The Big-endian memory placement sequence is as follows:
Address: 0x7f7f08f0 0x7f7f08f1 0x7f7f08f2 0x7f7f08f3
0x41 0x42 0x43 0x44
The Little-endian memory placement sequence is as follows:
Address: 0x0012ff7c 0x0012ff7d 0x0012ff7e 0x0012ff7f
0x44 0x43 0x42 0x41
Six, use the function to judge the system is big endian or little endian
BOOL Isbig_endian ()
Returns true if the byte order is Big-endian;
return false on the contrary to Little-endian
{
unsigned short test = 0x1122;
if (* (unsigned char*) &test = = 0x11)
return TRUE;
Else
return FALSE;
}//isbig_endian ()
Vii. Final note
Host byte order (host)
Little-endian [Intel, VAX and Unisys processors, etc.]
Network byte order (network)
Big-endian [IBM 370, Motorola and most RISC designs----IBM mainframes and most UNIX platforms]

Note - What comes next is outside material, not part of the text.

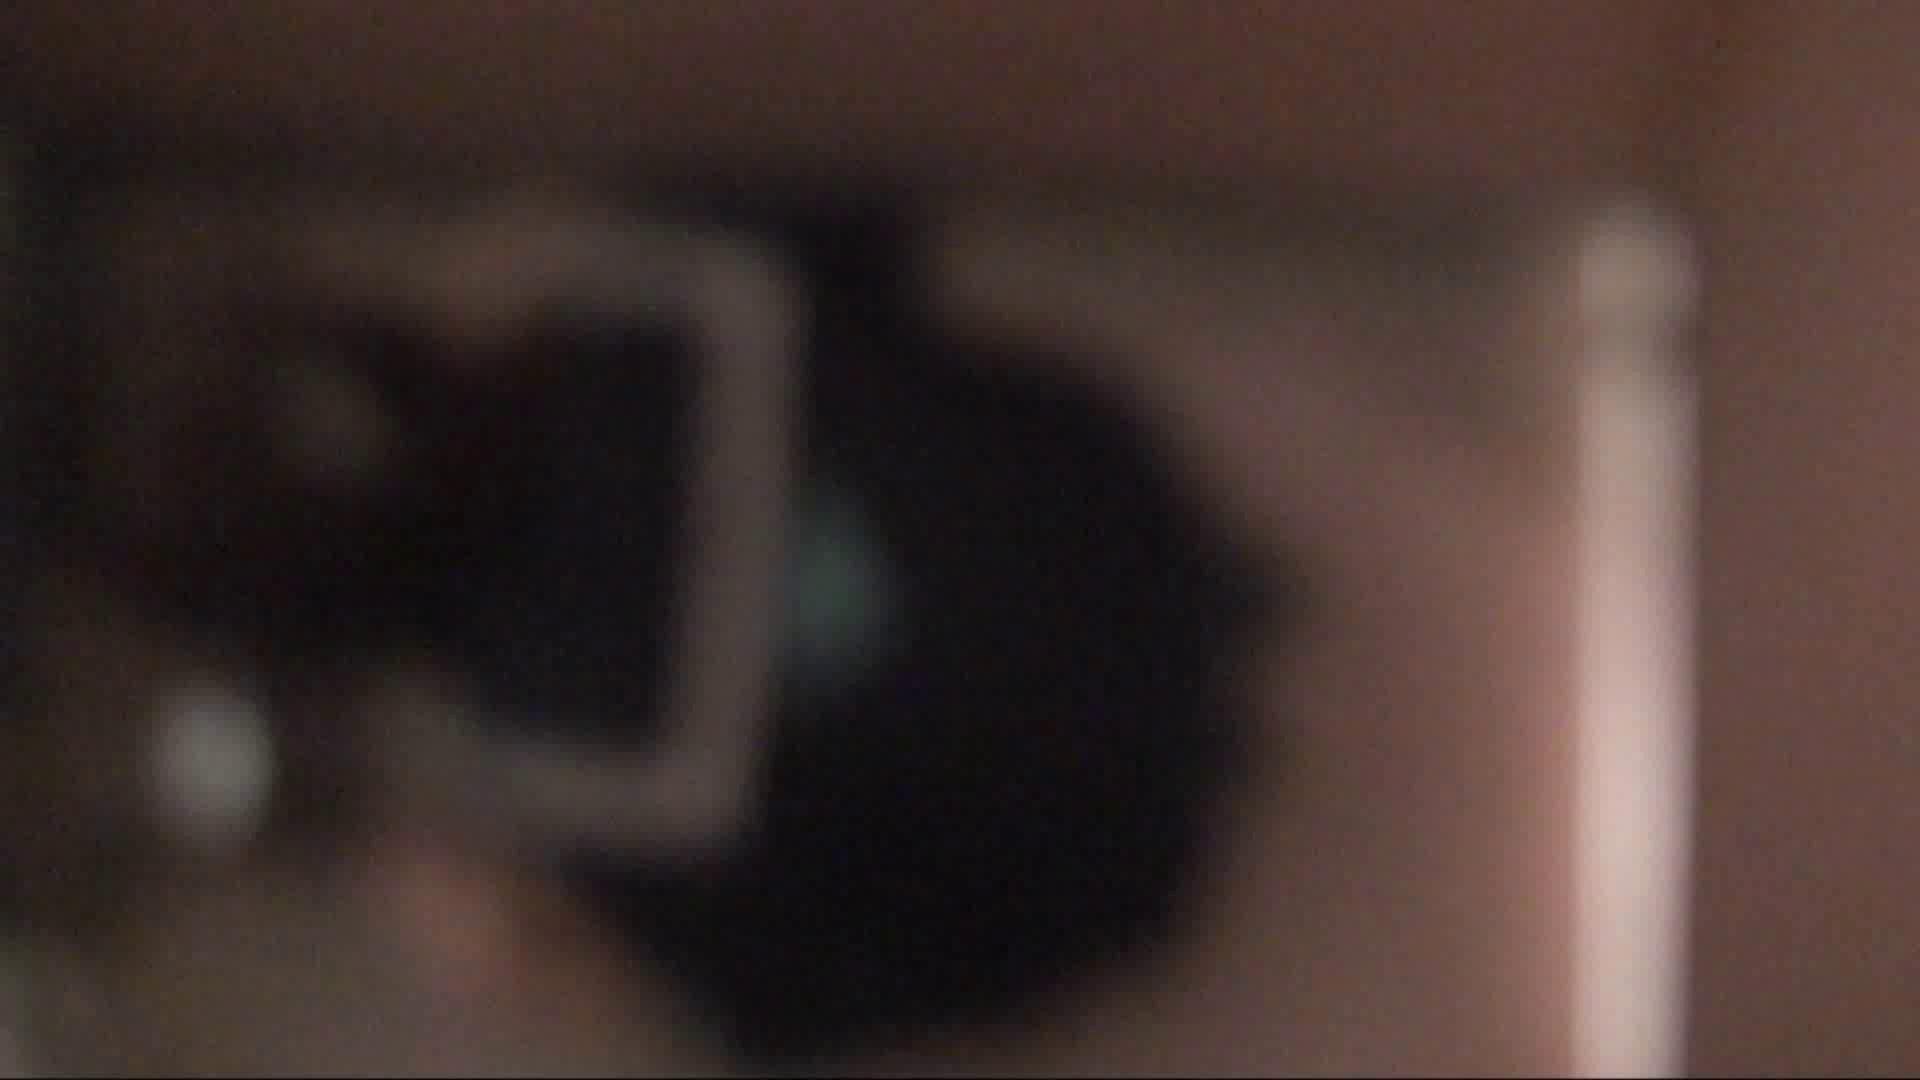 洗面所内潜入!同級生が同級生を盗撮! vol.01 洗面所 盗撮動画紹介 92PIX 78

Byte conversions are mostly used in the case of network programming, or code porting.
Some related functions in the UNIX environment: (Must include header file #include <netinet/in.h>)
Htons ()--"Host to network short"
HTONL ()--"Host to Network Long"
Ntohs ()--"network to Host short"
Ntohl ()--"network to Host Long"
Some related functions of Windows. Net:
Hosttonetworkorder
Networktohostorder
Add: Ace uses ACE_INPUTCDR and ACE_OUTPUTCDRCDR to handle byte-order and byte-alignment issues.